Poll backs controls on how people spend benefits

Most people believe the government should start controlling how benefit recipients spend their money, according to new polling data released by the Demos think-tank. Six out of ten people agree the government should control what people spend universal credit on, and this proportion rises sharply for certain recipient groups and for the purchase of specific items.

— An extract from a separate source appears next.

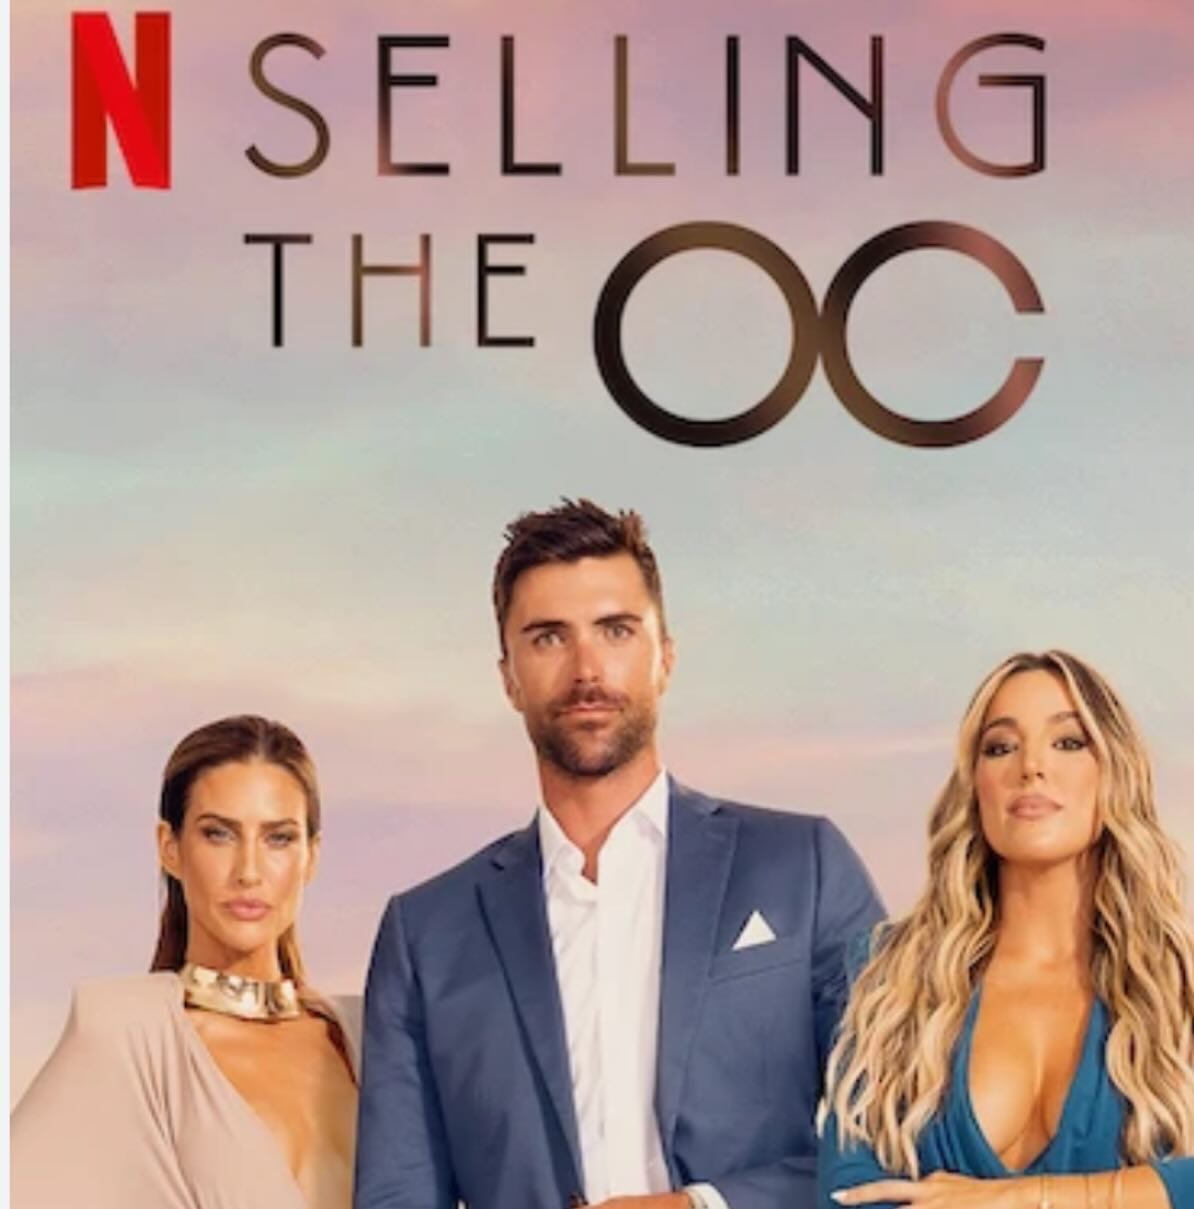 Selling the OC season 3 is two days away. Starting May 3rd all your favorite OC real estate agents are back and this season is hot hot hot!! Time to tune into Netflix and binge the whole season!  Let&rsquo;s go!!!!! @sellingtheocnetflix @netflix

Populus Data Solutions interviewed 2,052 adults during the period 15–17 August 2012.

Key findings

  • 87 per cent of people said at least one group of welfare recipients should have their benefit spending controlled. 77 per cent wanted monitoring of people with a substance or gambling addiction, and 69 per cent wanted monitoring of those with a criminal or anti-social history.
  • 68 per cent wanted to stop benefits being spent on gambling, 54 per cent on unhealthy items such as cigarettes or alcohol, 46 per cent on branded goods such as Nike trainers, and 35 per cent on holidays.
  • The two age groups most likely to back controls were those aged over 65 and those aged 18–24.
  • Richer ('AB') socio-economic groups were most likely to back controls (61 per cent), whereas the poorest ('DE') groups were least likely (49 per cent).
  • Only 1 in 4 thought direct payment of housing benefit to tenants was a good idea.
  • The single most common reason given for controlling spending of benefits was that: 'it's the state's money after all'.